> _Your goal_
From the line that contains "Адът се пренася" through the last line of the data, copy everything exactly and nothing else, omitting the pictures.

> _Source data_
-----

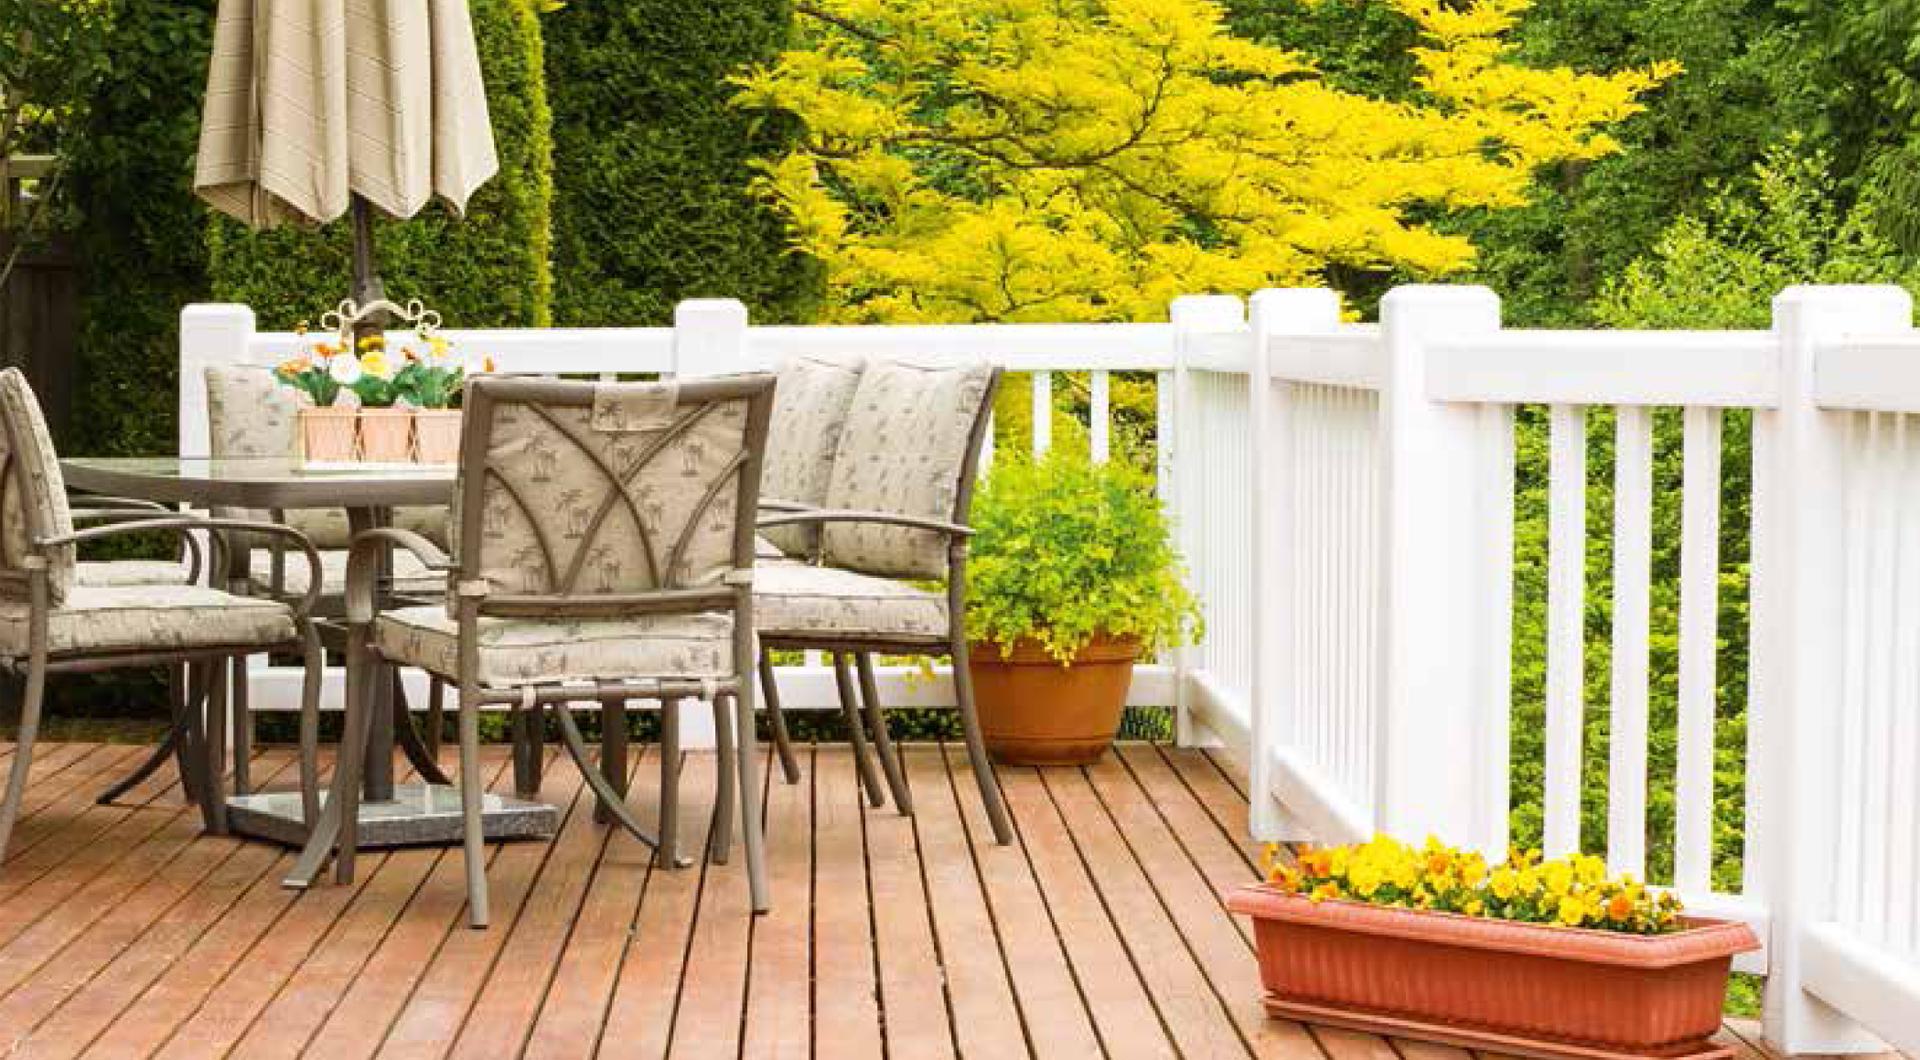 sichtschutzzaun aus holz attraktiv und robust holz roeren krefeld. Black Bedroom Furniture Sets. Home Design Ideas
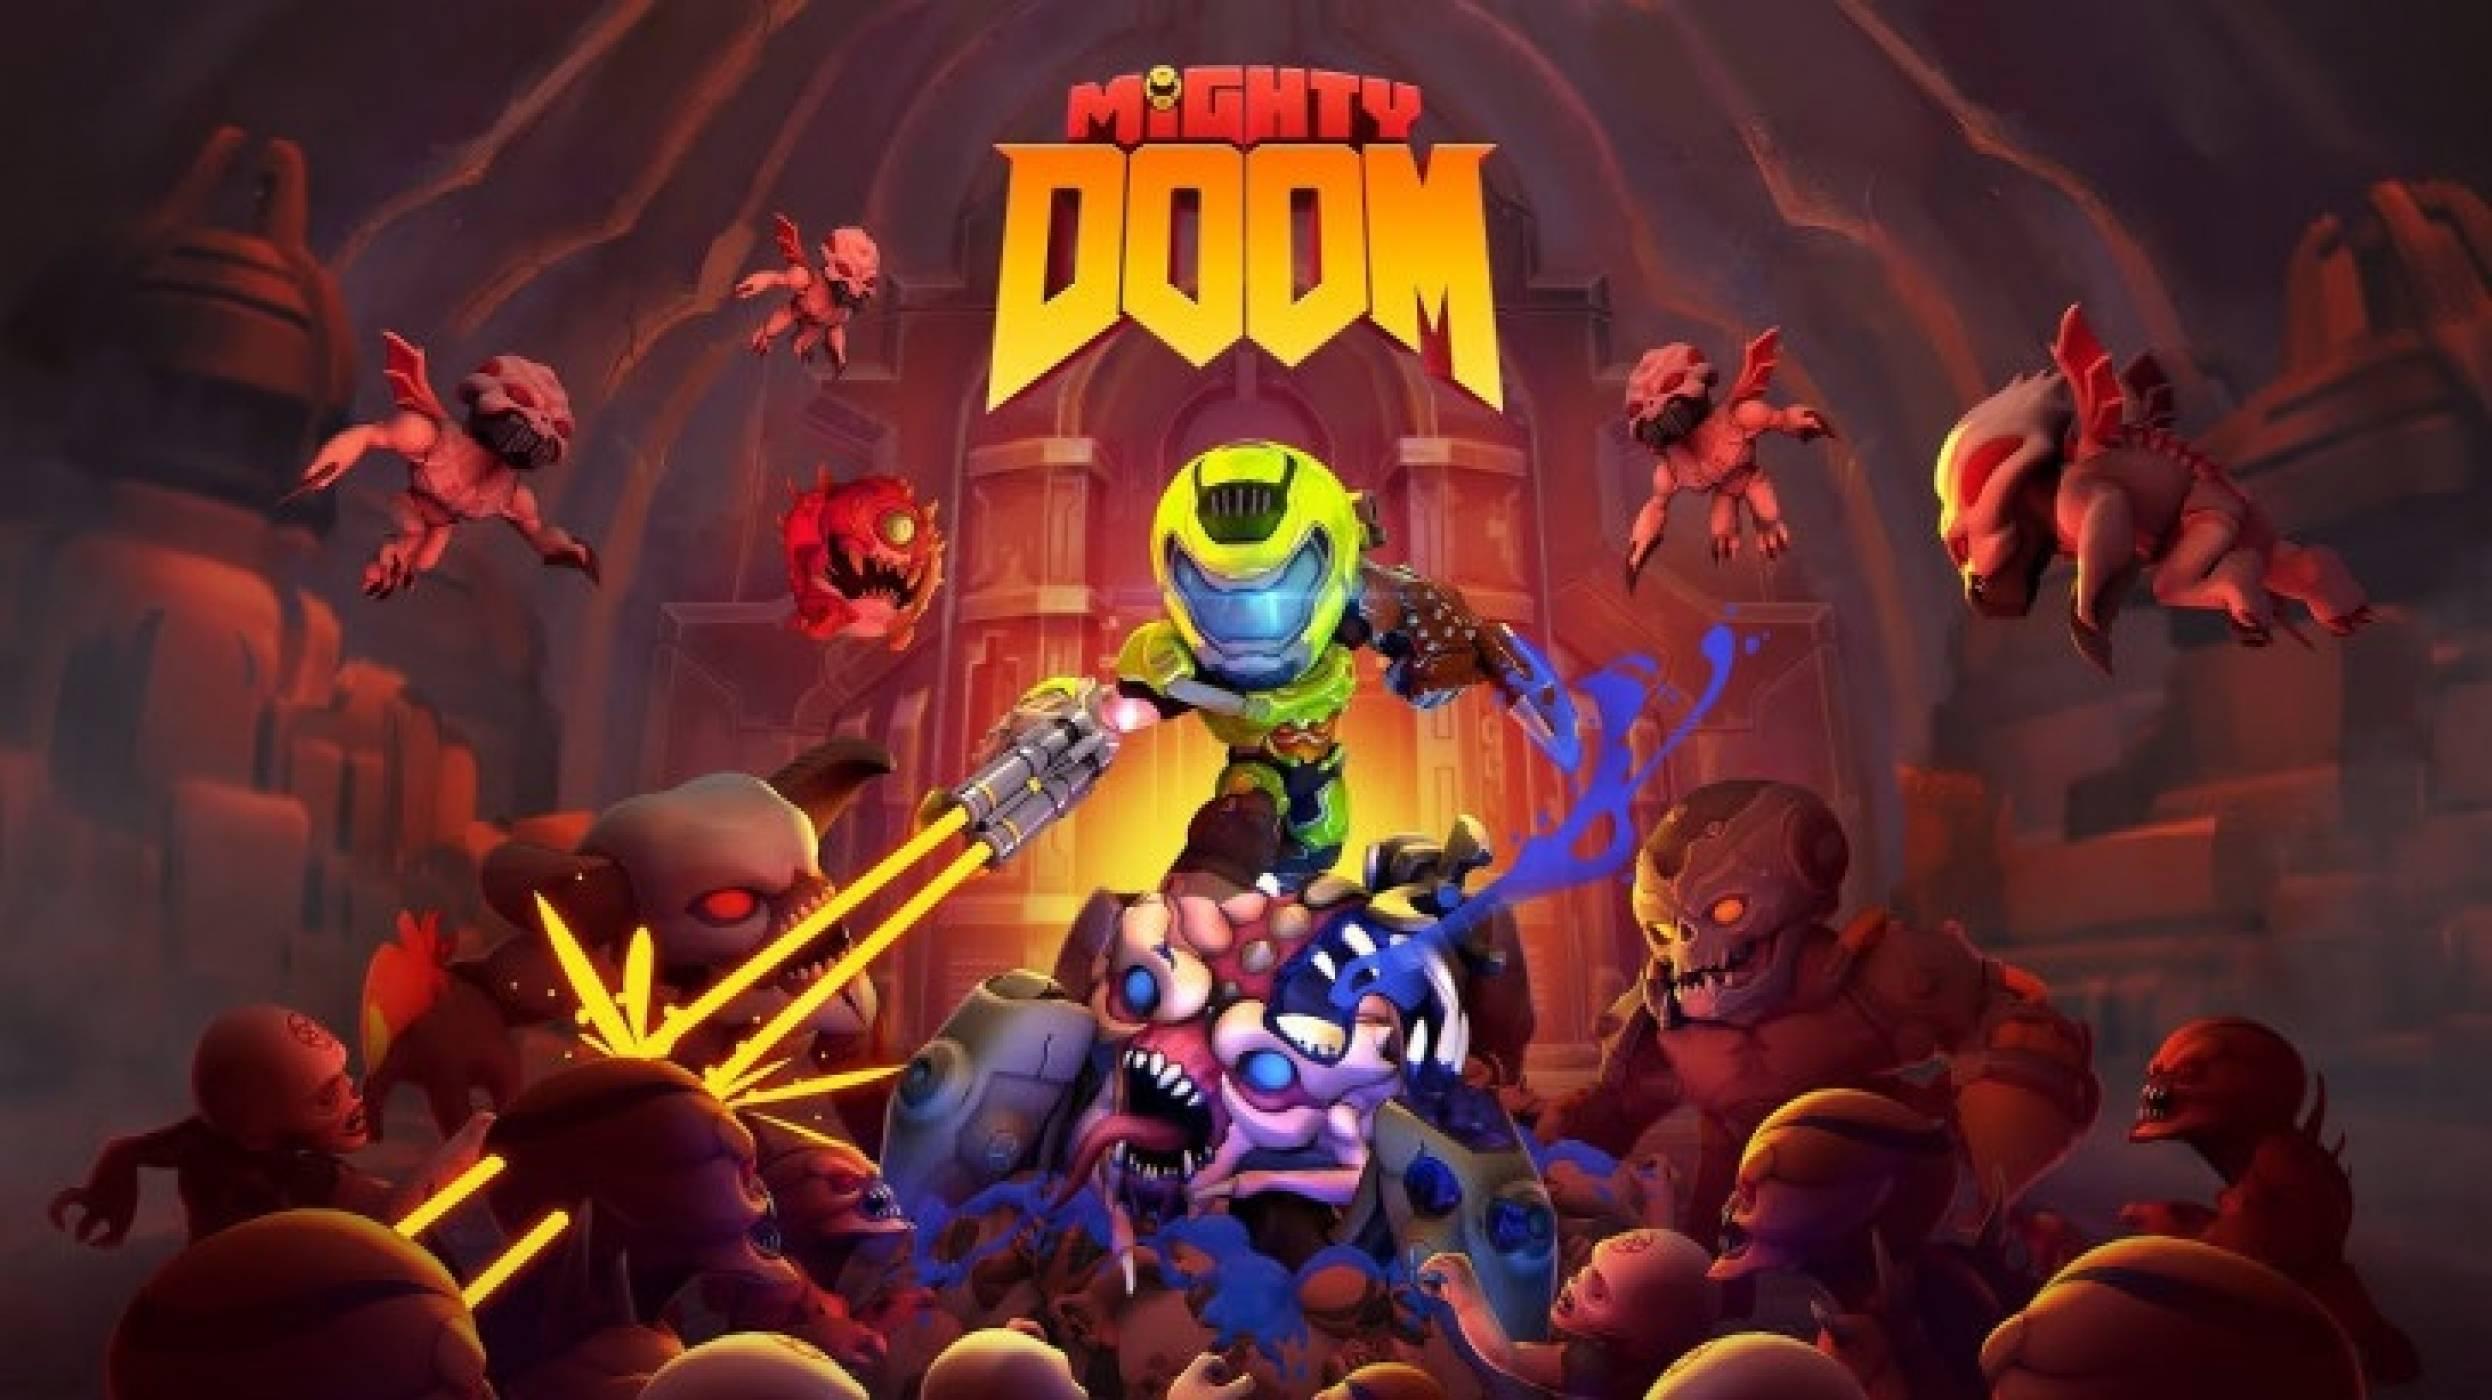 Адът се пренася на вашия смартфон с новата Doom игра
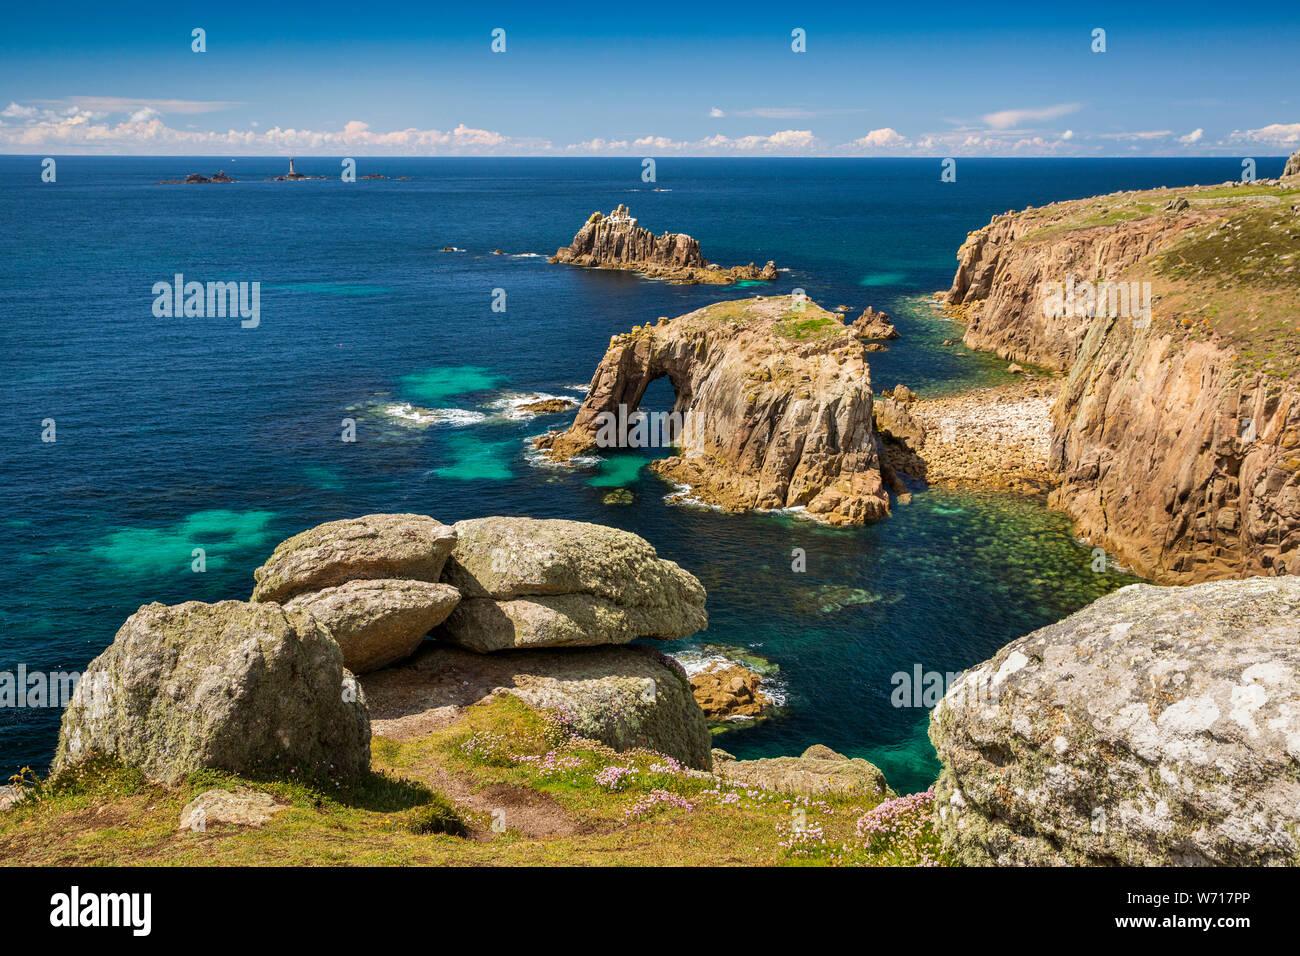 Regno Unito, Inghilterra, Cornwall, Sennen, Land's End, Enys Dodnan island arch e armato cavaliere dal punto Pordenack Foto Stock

-----

> _Your solution_
 Адът се пренася на вашия смартфон с новата Doom игра
 Regno Unito, Inghilterra, Cornwall, Sennen, Land's End, Enys Dodnan island arch e armato cavaliere dal punto Pordenack Foto Stock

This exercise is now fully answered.